[Source data]

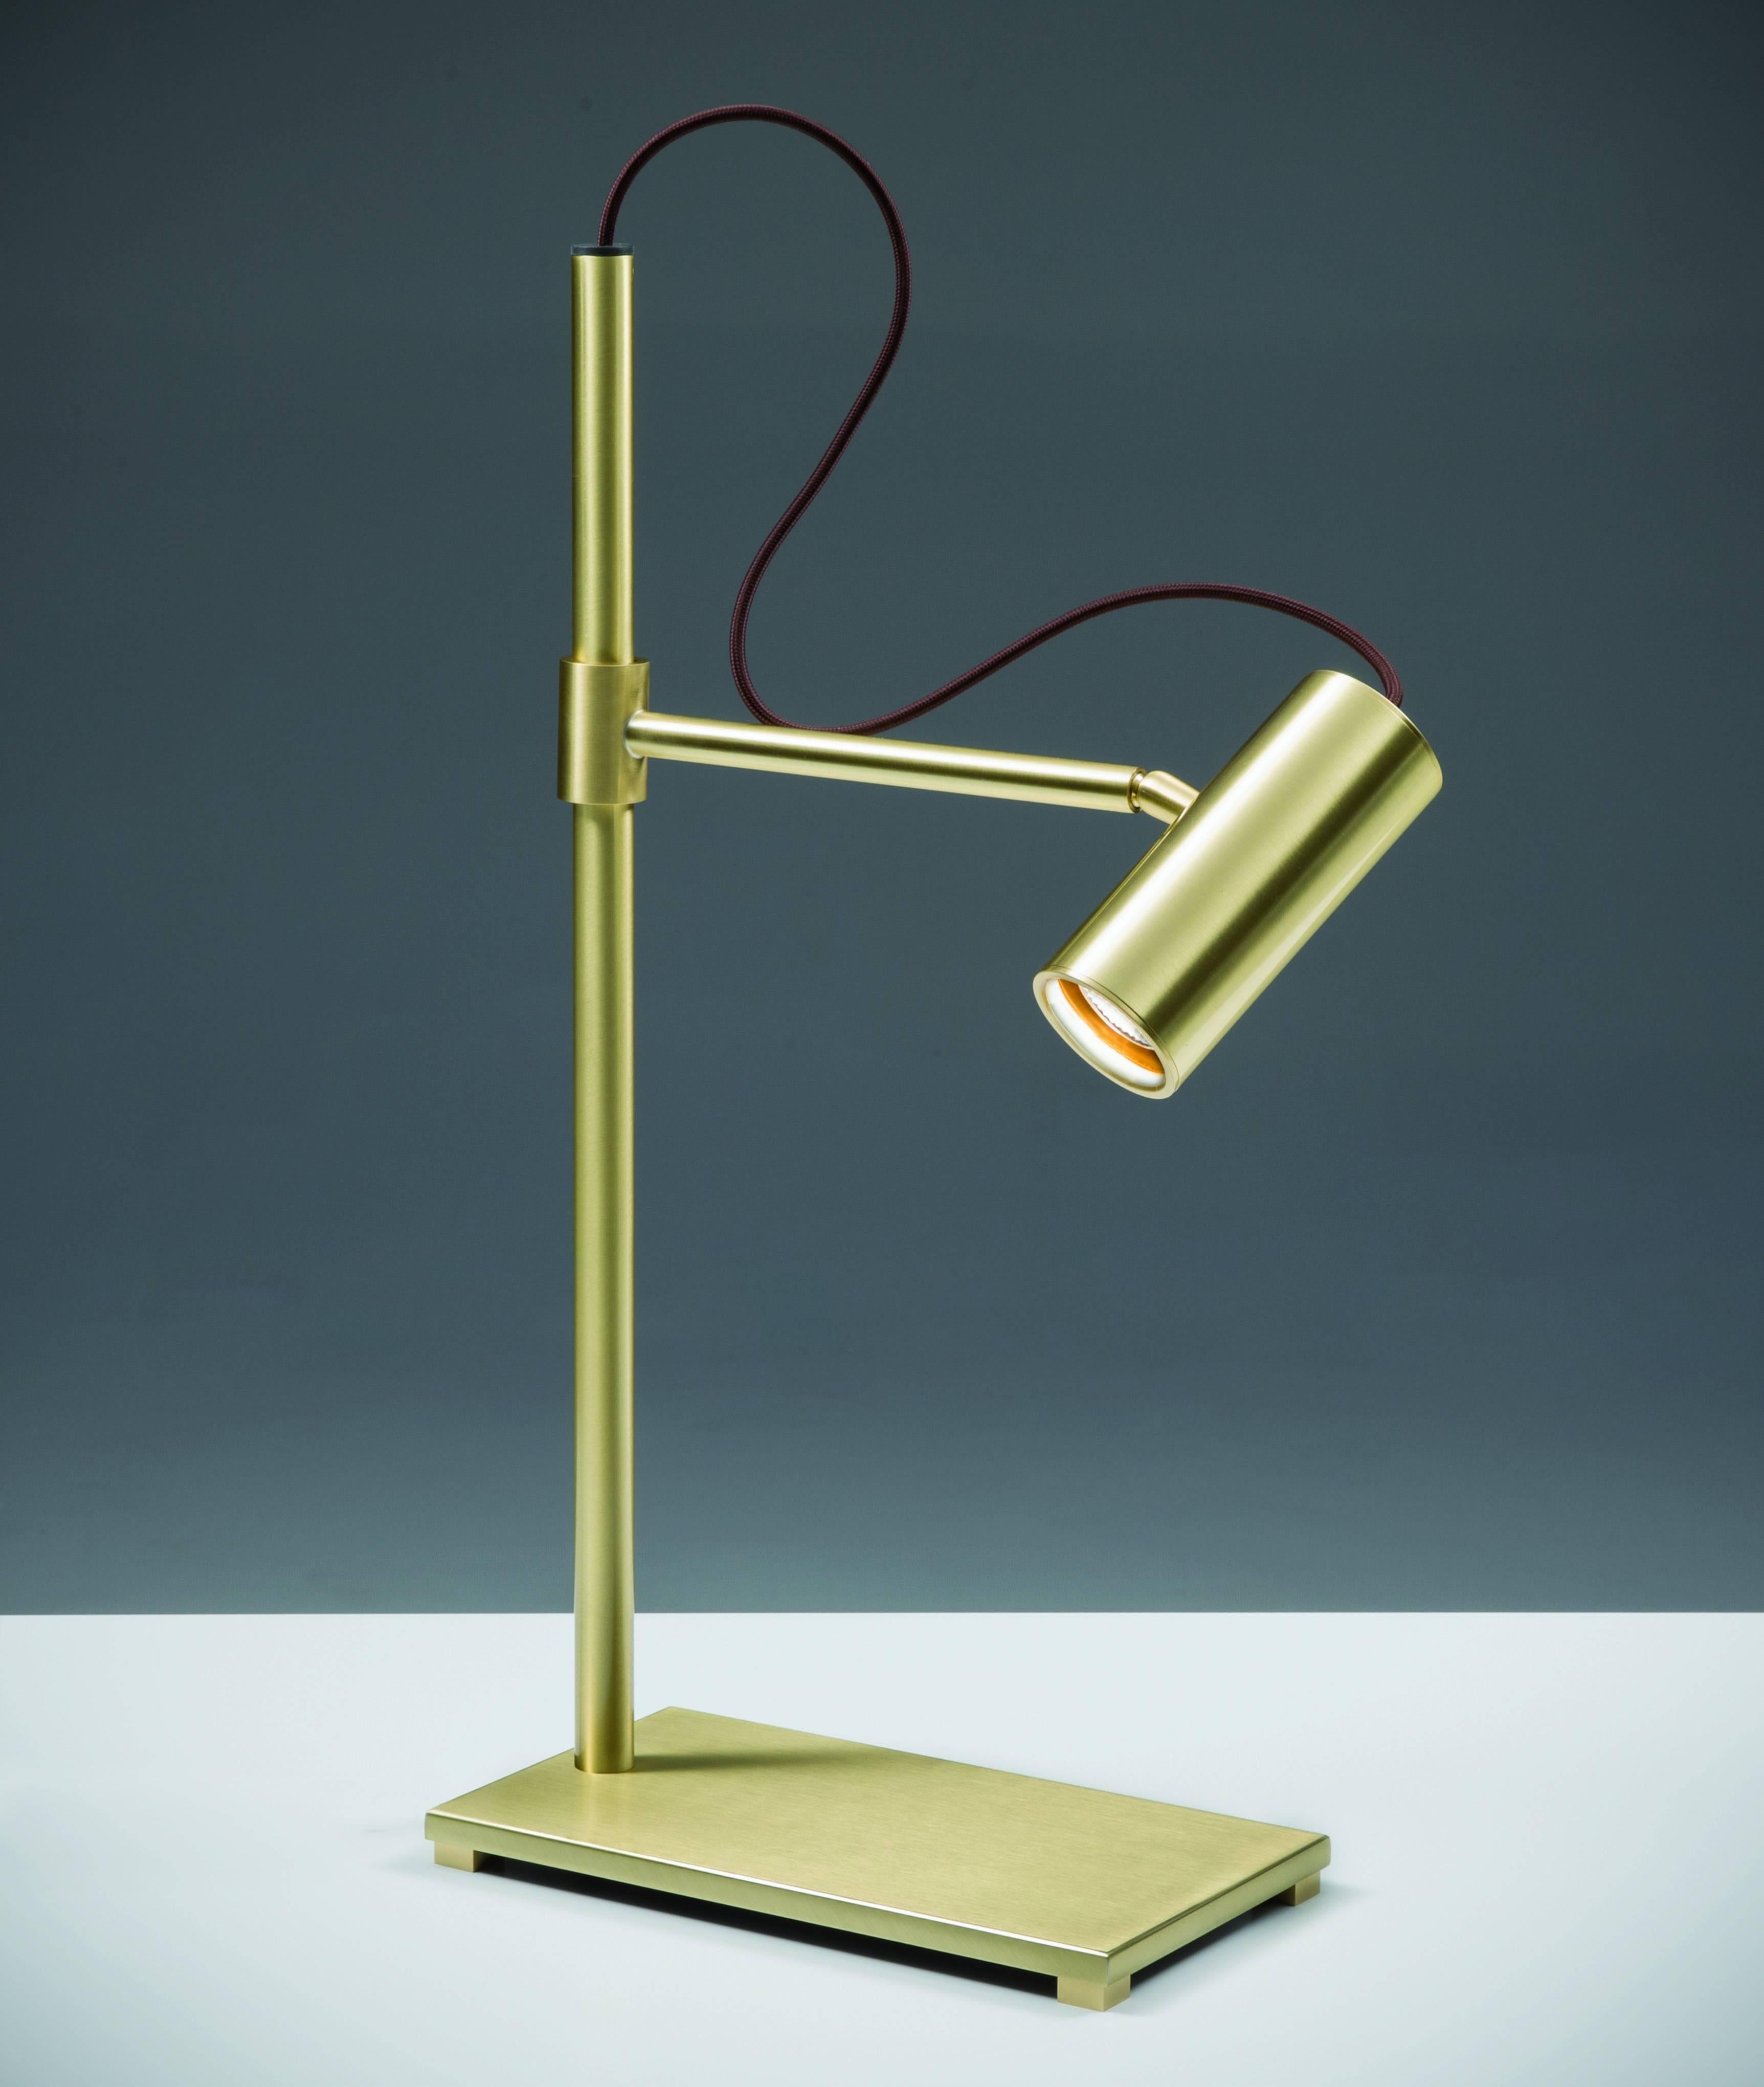 Beautiful table lamp.
Lacquers, brass and chrome finishes available.
Designer: William Pianta.
100% Made in Italy.
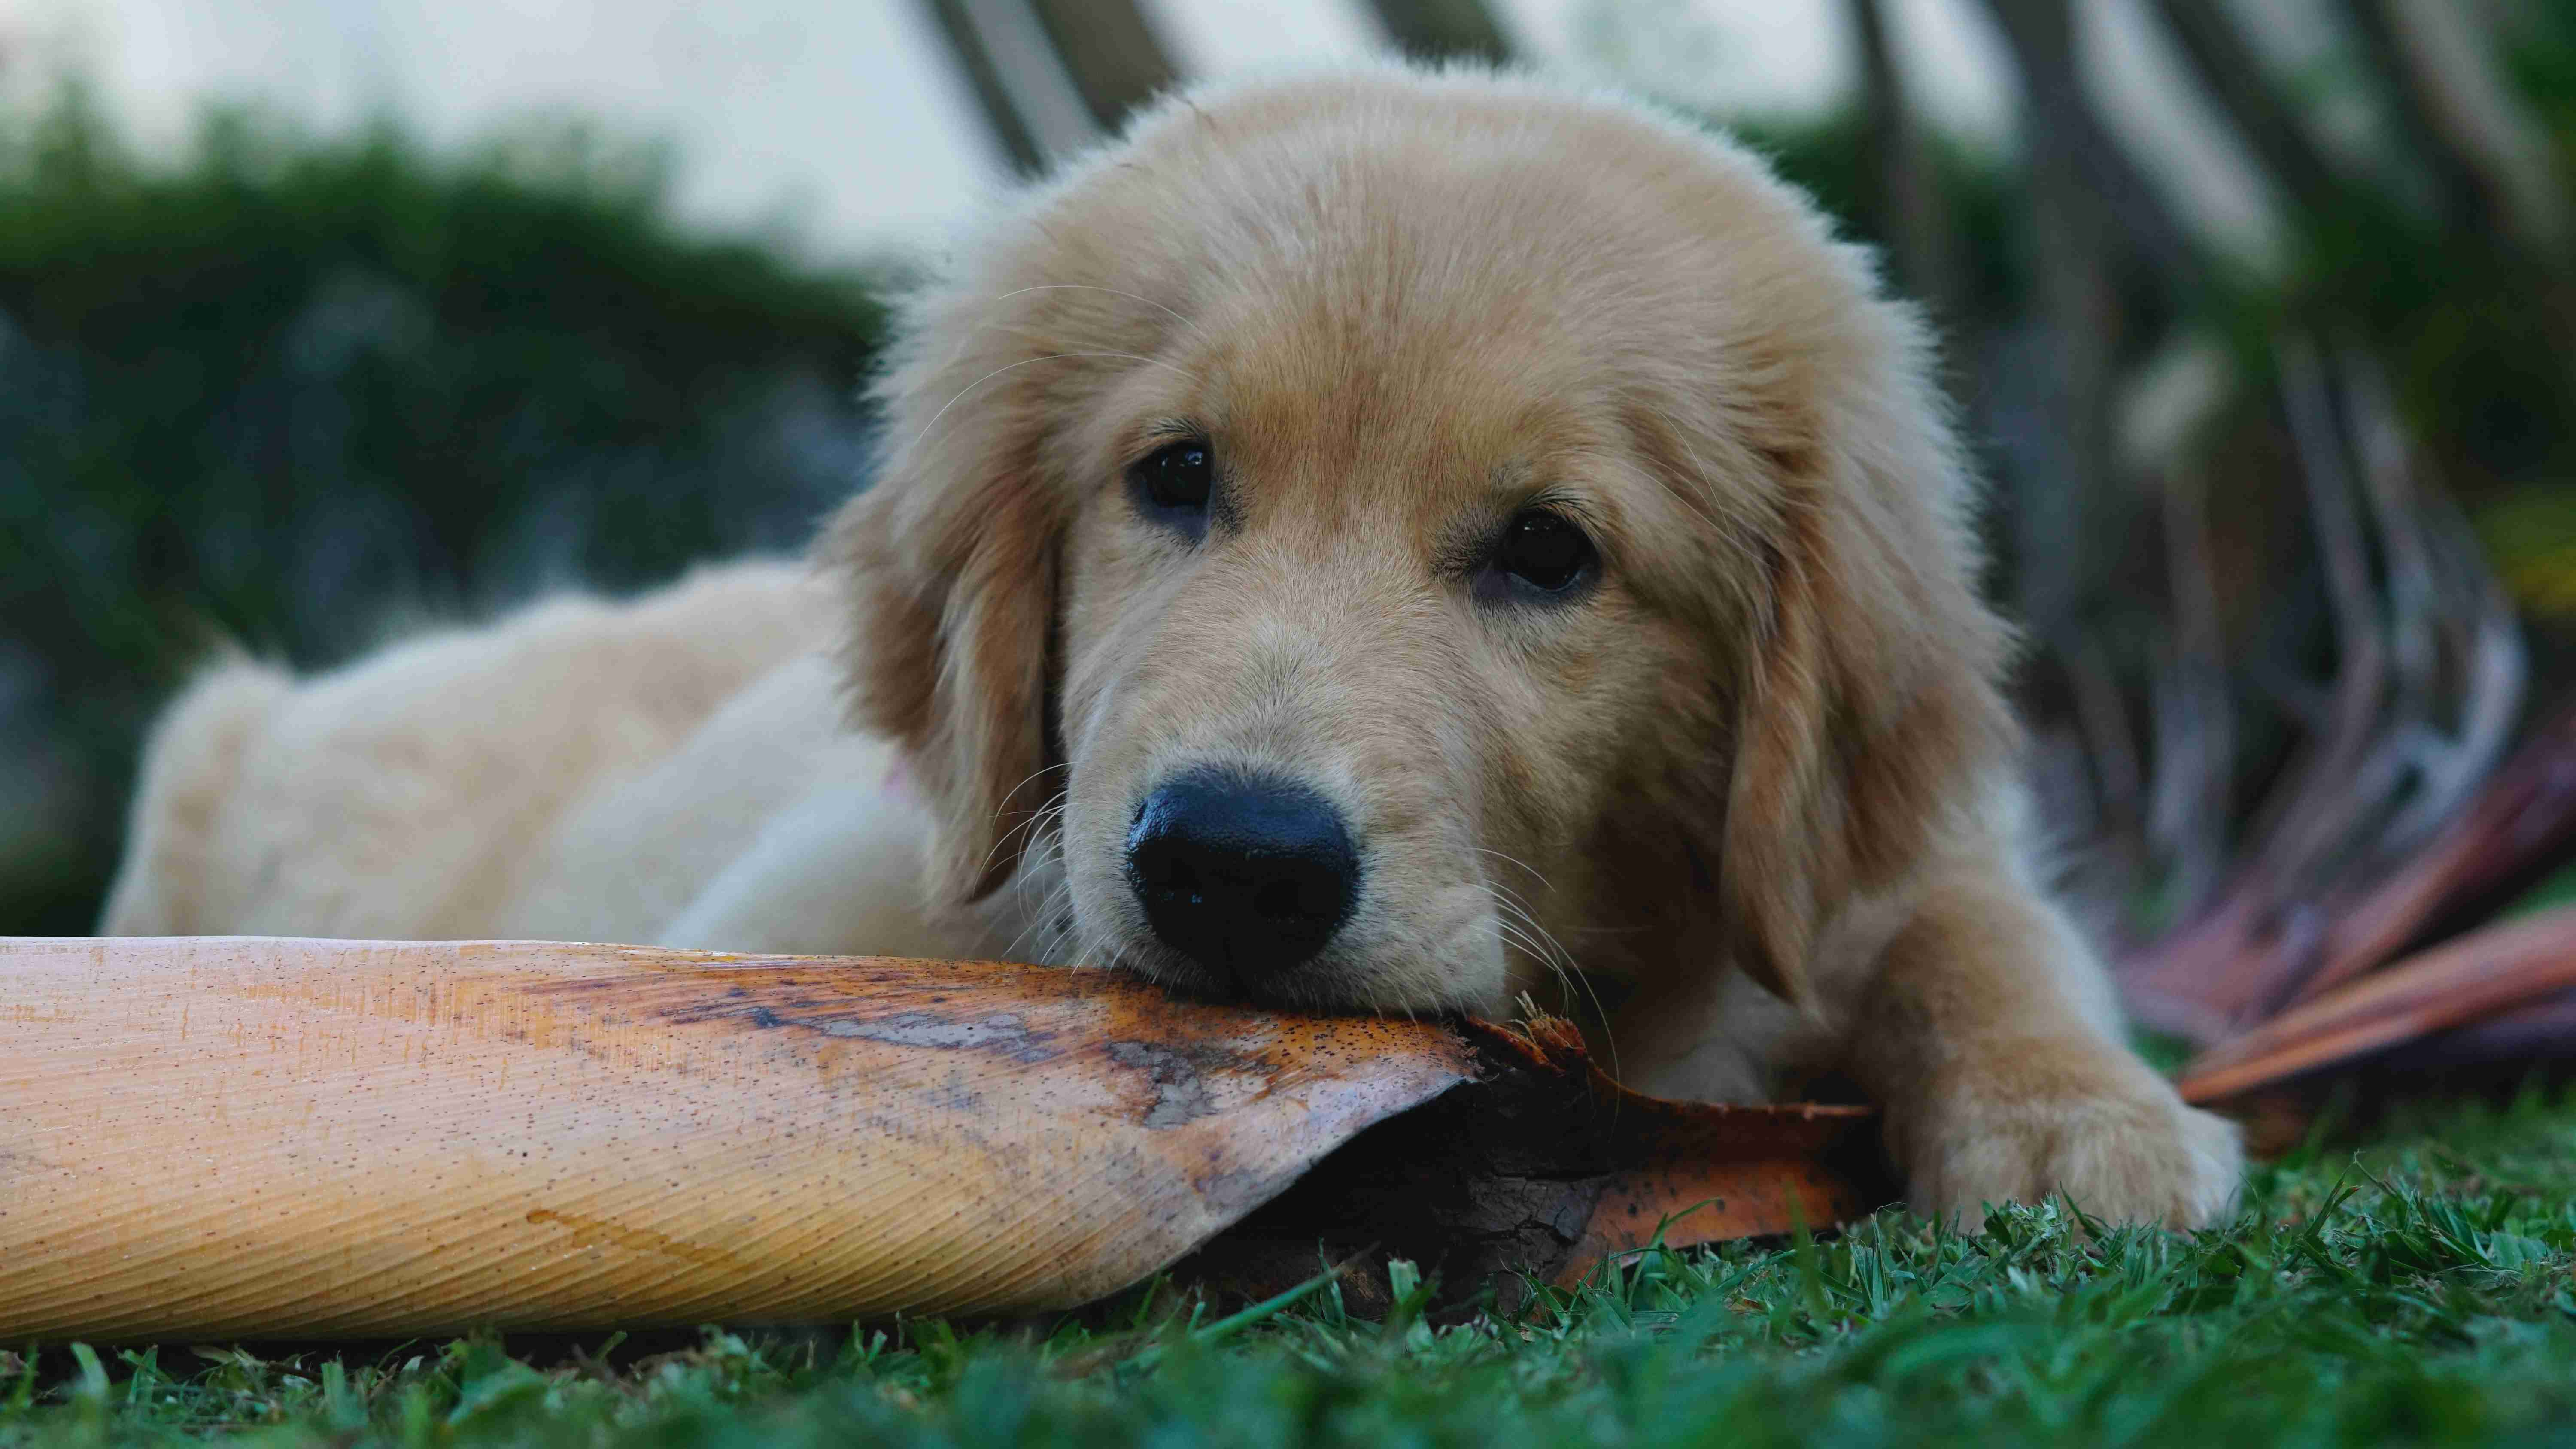 Top Tips for Keeping Your Golden Retriever's Bones Healthy and Strong
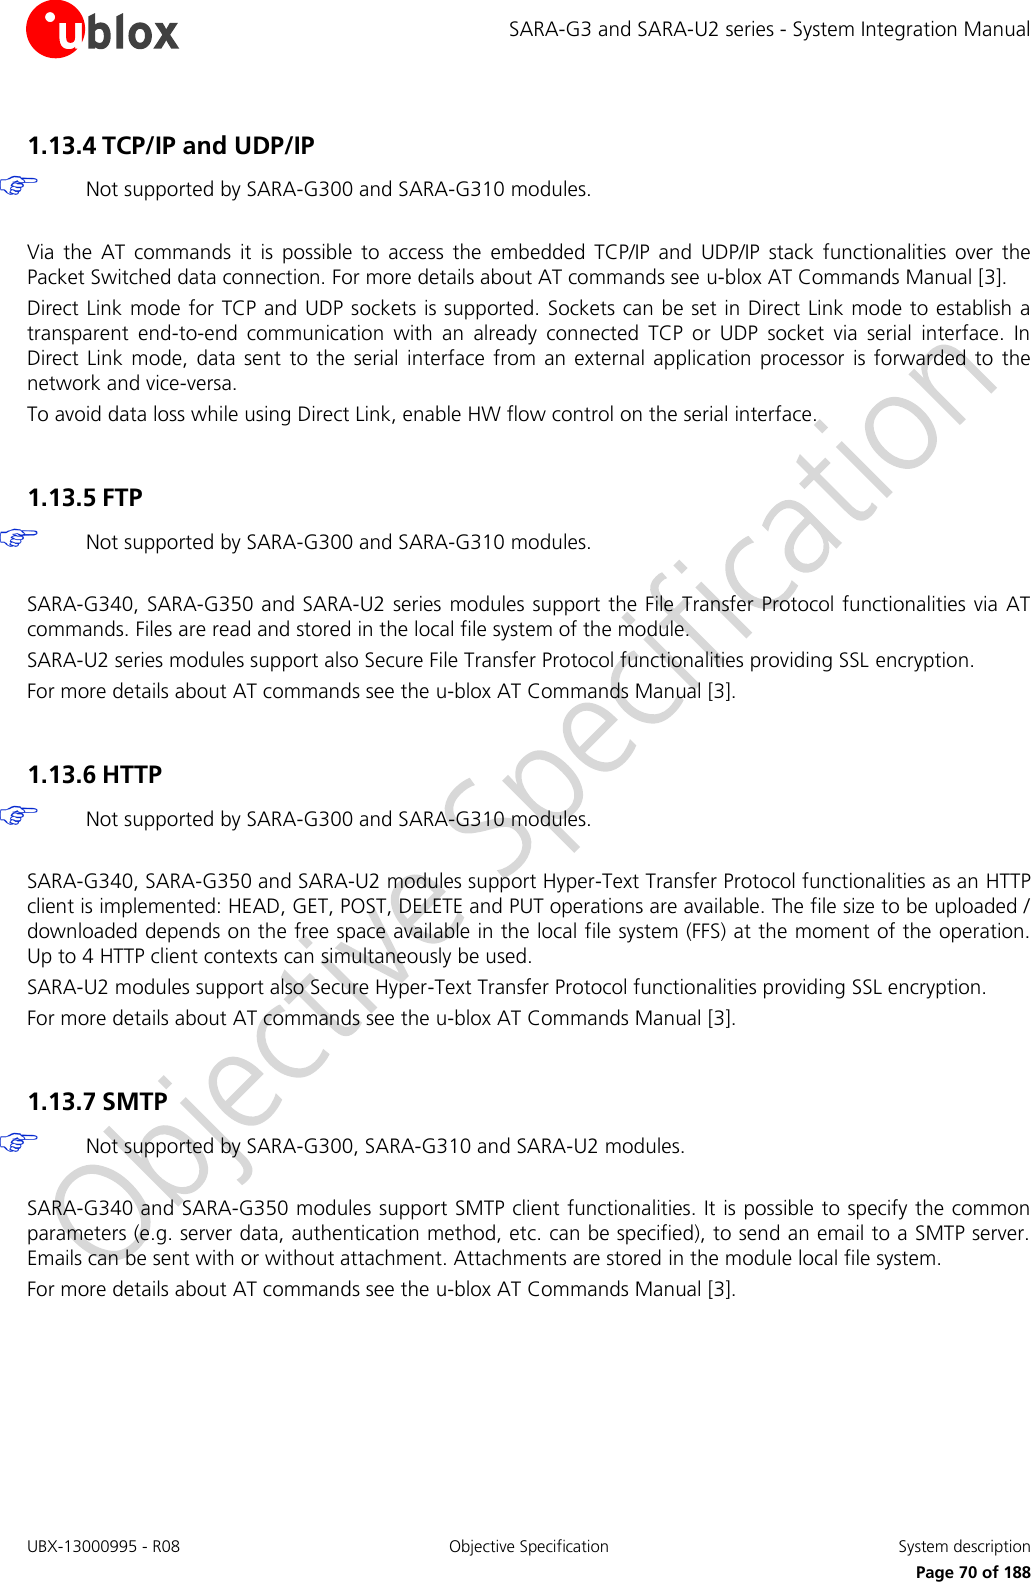 SARA-G3 and SARA-U2 series - System Integration Manual UBX-13000995 - R08  Objective Specification  System description     Page 70 of 188 1.13.4 TCP/IP and UDP/IP   Not supported by SARA-G300 and SARA-G310 modules.  Via  the  AT  commands  it  is  possible  to  access  the  embedded  TCP/IP  and  UDP/IP  stack  functionalities  over  the Packet Switched data connection. For more details about AT commands see u-blox AT Commands Manual [3]. Direct Link mode for TCP and UDP sockets is supported. Sockets can be set in Direct Link mode to establish a transparent  end-to-end  communication  with  an  already  connected  TCP  or  UDP  socket  via  serial  interface.  In Direct  Link  mode,  data sent  to the serial  interface from  an  external  application processor  is forwarded  to  the network and vice-versa. To avoid data loss while using Direct Link, enable HW flow control on the serial interface.  1.13.5 FTP   Not supported by SARA-G300 and SARA-G310 modules.  SARA-G340, SARA-G350 and SARA-U2 series  modules support the File Transfer Protocol functionalities via AT commands. Files are read and stored in the local file system of the module. SARA-U2 series modules support also Secure File Transfer Protocol functionalities providing SSL encryption. For more details about AT commands see the u-blox AT Commands Manual [3].  1.13.6 HTTP   Not supported by SARA-G300 and SARA-G310 modules.  SARA-G340, SARA-G350 and SARA-U2 modules support Hyper-Text Transfer Protocol functionalities as an HTTP client is implemented: HEAD, GET, POST, DELETE and PUT operations are available. The file size to be uploaded / downloaded depends on the free space available in the local file system (FFS) at the moment of the operation. Up to 4 HTTP client contexts can simultaneously be used. SARA-U2 modules support also Secure Hyper-Text Transfer Protocol functionalities providing SSL encryption. For more details about AT commands see the u-blox AT Commands Manual [3].  1.13.7 SMTP   Not supported by SARA-G300, SARA-G310 and SARA-U2 modules.  SARA-G340 and SARA-G350 modules support SMTP client functionalities. It is possible to specify the common parameters (e.g. server data, authentication method, etc. can be specified), to send an email to a SMTP server. Emails can be sent with or without attachment. Attachments are stored in the module local file system. For more details about AT commands see the u-blox AT Commands Manual [3].

- Try it
Copy every entry above exactly as it stands, but leave the pictures out.

- Answer area
 Beautiful table lamp.
Lacquers, brass and chrome finishes available.
Designer: William Pianta.
100% Made in Italy.
 Top Tips for Keeping Your Golden Retriever's Bones Healthy and Strong
 SARA-G3 and SARA-U2 series - System Integration Manual UBX-13000995 - R08  Objective Specification  System description     Page 70 of 188 1.13.4 TCP/IP and UDP/IP   Not supported by SARA-G300 and SARA-G310 modules.  Via  the  AT  commands  it  is  possible  to  access  the  embedded  TCP/IP  and  UDP/IP  stack  functionalities  over  the Packet Switched data connection. For more details about AT commands see u-blox AT Commands Manual [3]. Direct Link mode for TCP and UDP sockets is supported. Sockets can be set in Direct Link mode to establish a transparent  end-to-end  communication  with  an  already  connected  TCP  or  UDP  socket  via  serial  interface.  In Direct  Link  mode,  data sent  to the serial  interface from  an  external  application processor  is forwarded  to  the network and vice-versa. To avoid data loss while using Direct Link, enable HW flow control on the serial interface.  1.13.5 FTP   Not supported by SARA-G300 and SARA-G310 modules.  SARA-G340, SARA-G350 and SARA-U2 series  modules support the File Transfer Protocol functionalities via AT commands. Files are read and stored in the local file system of the module. SARA-U2 series modules support also Secure File Transfer Protocol functionalities providing SSL encryption. For more details about AT commands see the u-blox AT Commands Manual [3].  1.13.6 HTTP   Not supported by SARA-G300 and SARA-G310 modules.  SARA-G340, SARA-G350 and SARA-U2 modules support Hyper-Text Transfer Protocol functionalities as an HTTP client is implemented: HEAD, GET, POST, DELETE and PUT operations are available. The file size to be uploaded / downloaded depends on the free space available in the local file system (FFS) at the moment of the operation. Up to 4 HTTP client contexts can simultaneously be used. SARA-U2 modules support also Secure Hyper-Text Transfer Protocol functionalities providing SSL encryption. For more details about AT commands see the u-blox AT Commands Manual [3].  1.13.7 SMTP   Not supported by SARA-G300, SARA-G310 and SARA-U2 modules.  SARA-G340 and SARA-G350 modules support SMTP client functionalities. It is possible to specify the common parameters (e.g. server data, authentication method, etc. can be specified), to send an email to a SMTP server. Emails can be sent with or without attachment. Attachments are stored in the module local file system. For more details about AT commands see the u-blox AT Commands Manual [3].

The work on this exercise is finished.